Generally, here are some questions that you can ask yourself.
Do you prefer to do things on your own?
The longer you have worked solo, making decisions without consulting anyone, the more difficult it would be for you to share the decision making with partners. If you have a strong personality and want total control of everything, a partnership would not be your cup of tea.
A partnership is a team and you would need to invest time to nurture the relationship. You cannot make decisions without consulting your partner. If you don’t come into the business with an open mind and are not able to talk to your partner, you have a sole proprietorship mindset.
If you think a partnership for you, the next step is to find a suitable partner. The qualities that you should look for are sincerity, honesty and commitment to shoulder and share the risks and burdens. All must agree to look at the ‘macro view’ rather than harping on trivial matters.
Do you need more expertise?
Partnerships are usually set up to reap the expertise that each person can bring into the business. When you take on a partner, you’d be sharing the responsibilities and may be able to offer a greater range of services. Look at your level of expertise and see whether you’re an all-rounder. Ideally, partners should complement each other.
Since it is easier to enter into a partnership than to get out of one, it is good to make everything clear at the outset. Set out the duties and responsibilites of each partner in detail in an agreement, which should include division of labour, how much capital each is to contribute, how profits are to be shared, how disputes would be resolved, what happens if the partnership doesn’t work out and what happens if there’s an addition of
partner(s).
The other advantage of a partnership is that you will have somebody to advise you, bounce ideas off of or hold you when you stumble.
Do you have sufficient financial resources?
Evaluate whether you have the financial resources to go it alone. A sole proprietor can take a loan and overdraft to finance the business.

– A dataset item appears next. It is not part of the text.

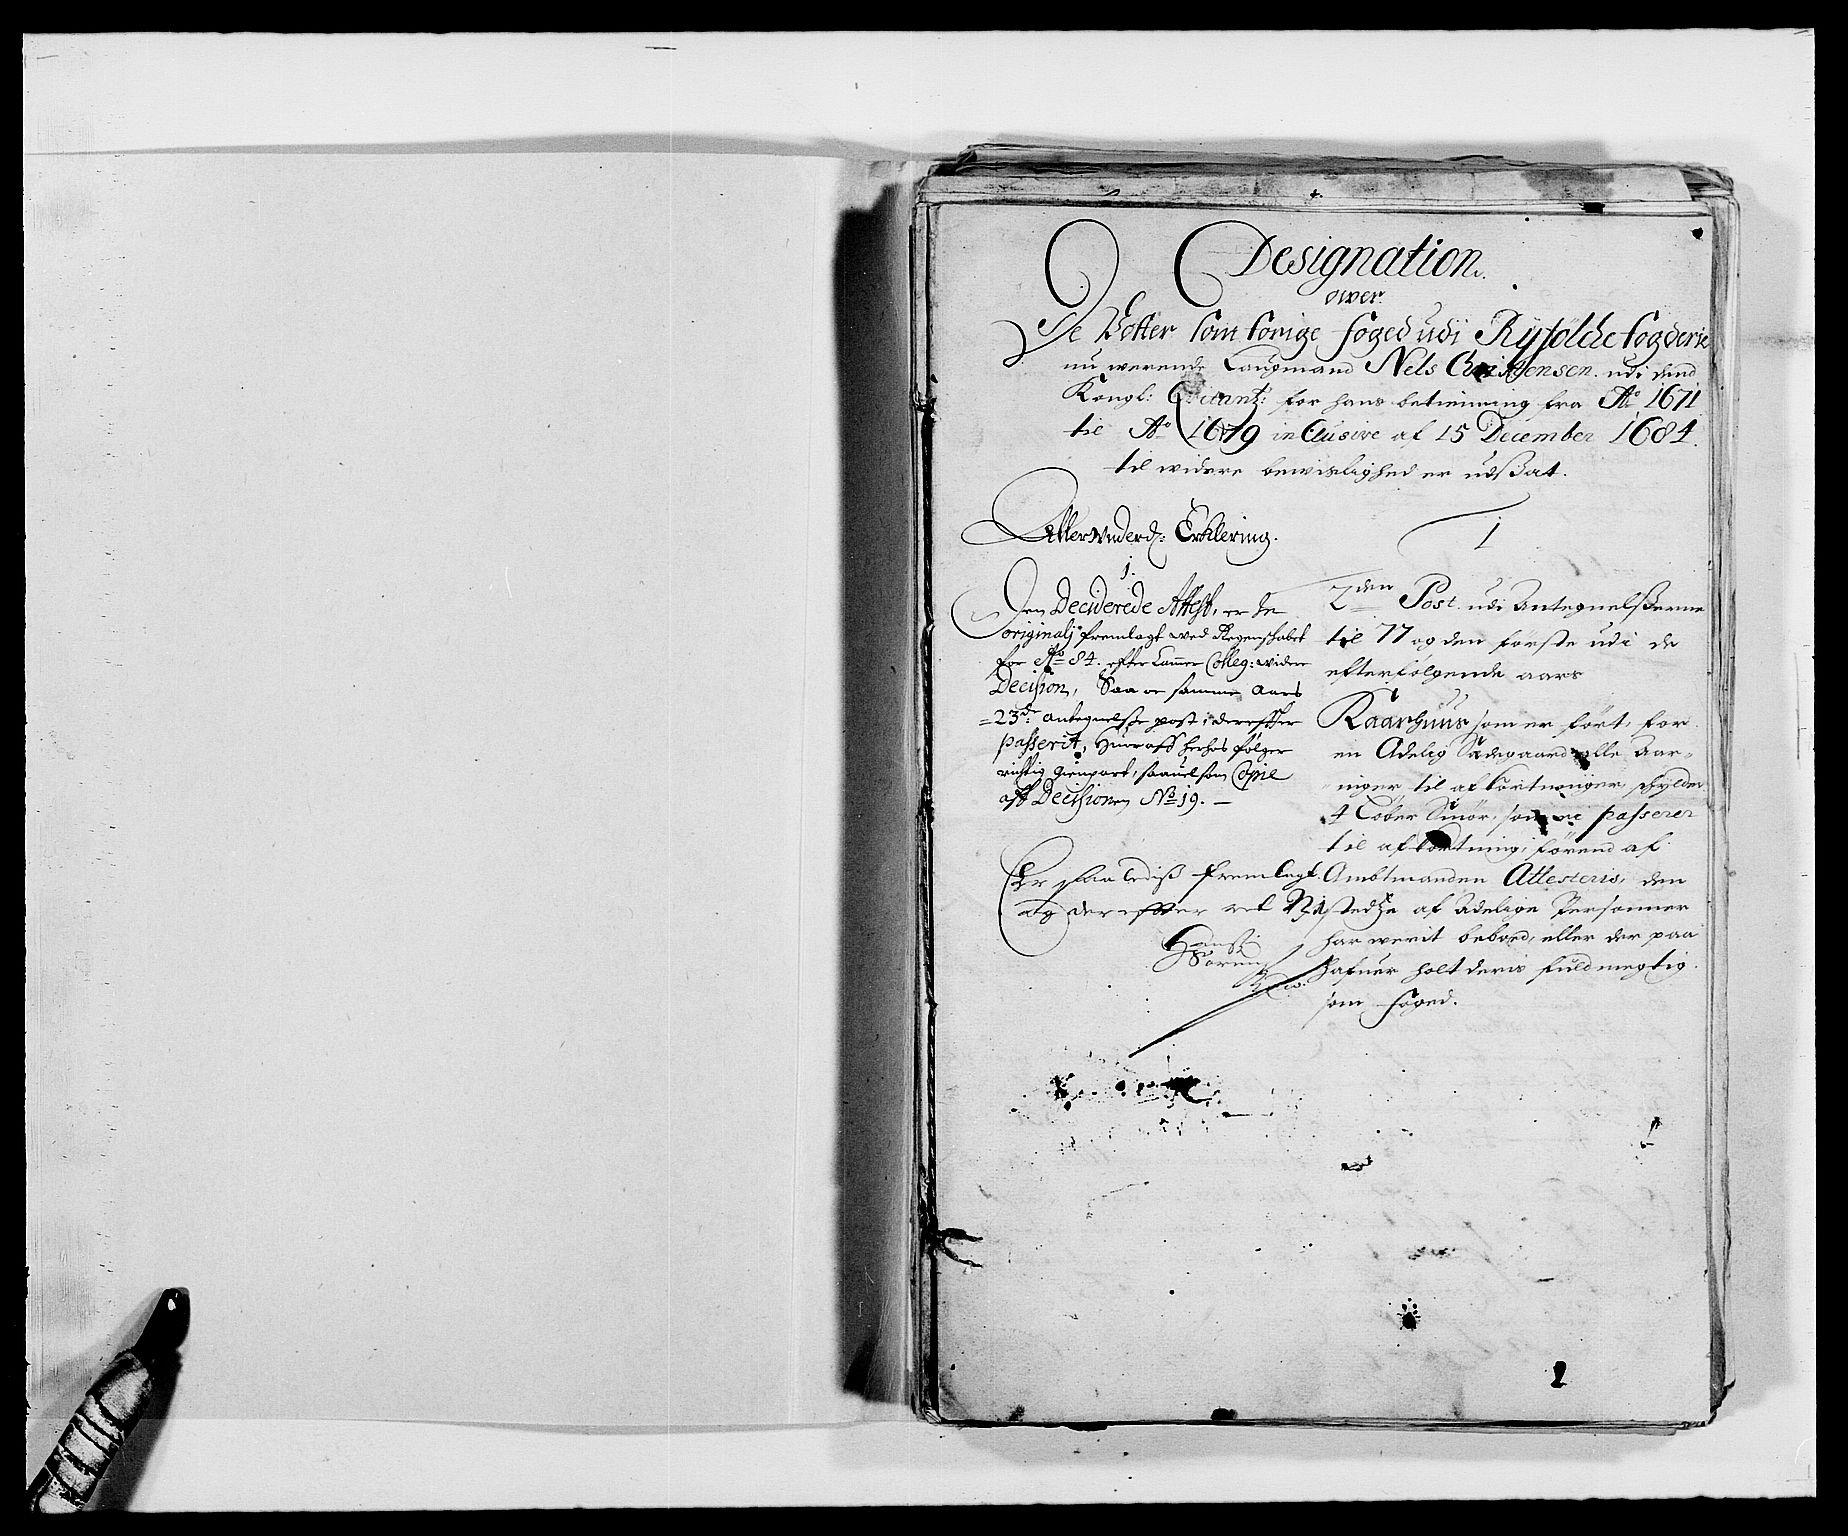 RA, Rentekammeret inntil 1814, Reviderte regnskaper, Fogderegnskap, R47/L2849: Fogderegnskap Ryfylke, 1679, s. 257

If you cannot get the fund, you’d have to go into a joint venture. Don’t go into a partnership with someone who doesn’t put money, or something of equivalent value, into the deal. An equal capital commitment decreases the chance of your partner walking away from the business, leaving you with all the responsibilities.
Need a backup?
A sole proprietorship is a lonely business. You might not be able to share with friends who are themselves involved in business or talk to your other half about your business problems. Partners have to be honest with one another and discuss issues openly when problems arise.

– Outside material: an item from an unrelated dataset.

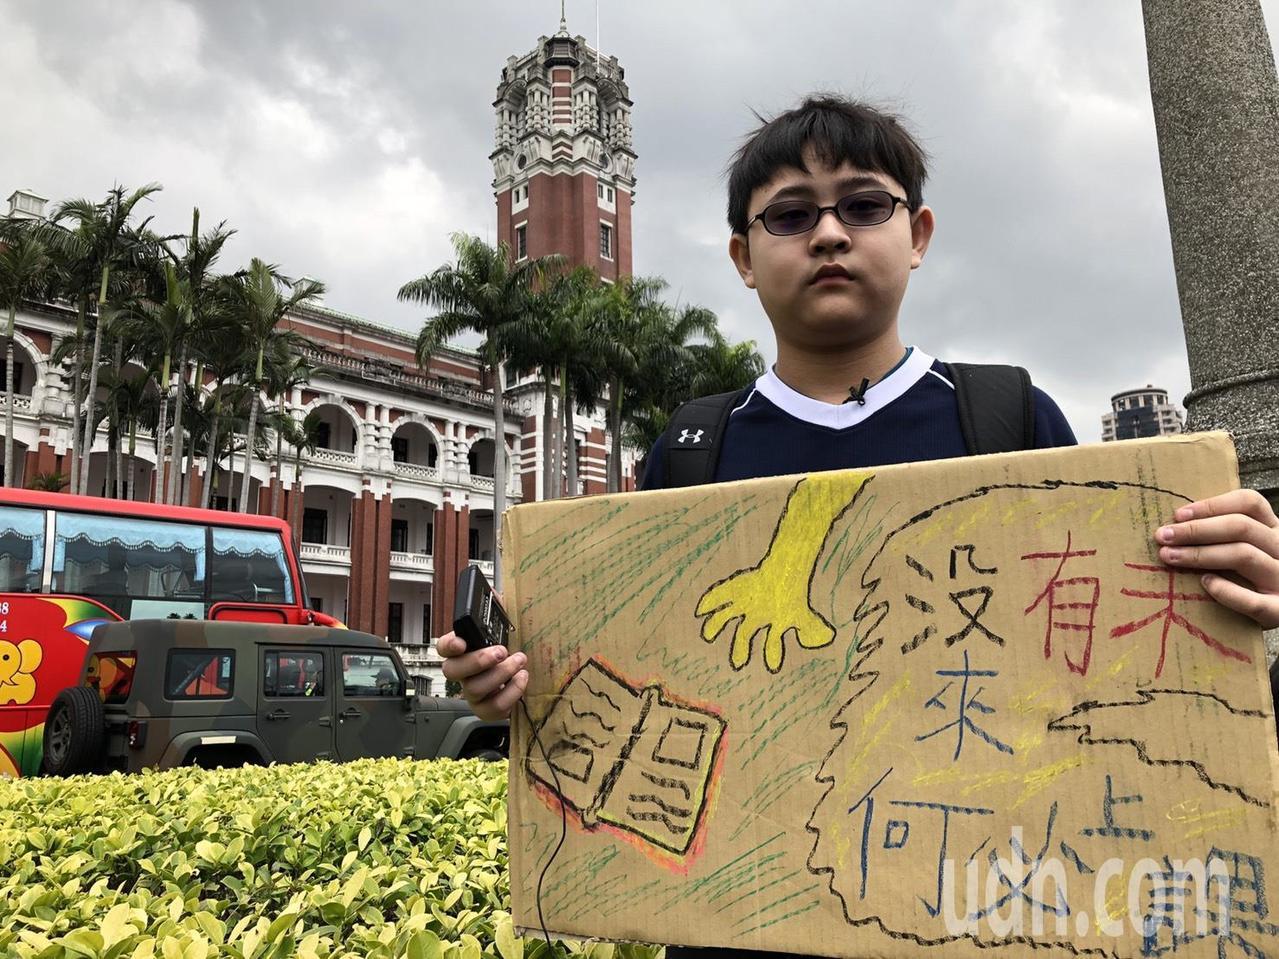 台中明道普霖斯頓小學六年級生楊子慶,今早與家人從彰化北上,直奔總統府前靜坐抗議。...

A lot planning is required in a sole proprietorship. When a sole proprietor falls ill, especially during the early days of the business, he has to continue working since he has no one to rely on.
Last words of advice
It is always safe to go solo first and start small because you can never tell if you business would succeed or fail. From there you would gain experience, grow the business and when the time comes, you can invite partners to come in. You are then on firmer ground to negotiate and have greater bargaining power.
A sole proprietorship is relatively cheap and easy to maintain. However, you are not shielded from business risk. If the business is in debt, creditors can go after your personal assets.
Alternatively, you could form a private limited company with a sleeping partner, who would not be making any decisions with regard to the running of the business. A shareholder in a limited company, in the event of its becoming insolvent would only be liable to contribute the amount remaining unpaid on the shares (usually zero, as most shares are issued fully paid). Normally, sole proprietorship choose to have their spouses as sleeping partners.
The disadvantage here is the high cost in forming and maintaining the company. Also, there are a lot of requirements, such as provision of audited accounts and filing of annual returns, to adhere to.
For joint ventures, the parties can either form a partnership or a private limited company. As far as partnertship is concerned, the business risk is very high. All partners have to share the liabilities. If your partners cannot pay, you have to bear 100% of the liabilities. Hence, the better option is to set a limited liability company in which partners are shielded from business risk. If the company is in debt, debtors cannot sue the shareholders personally.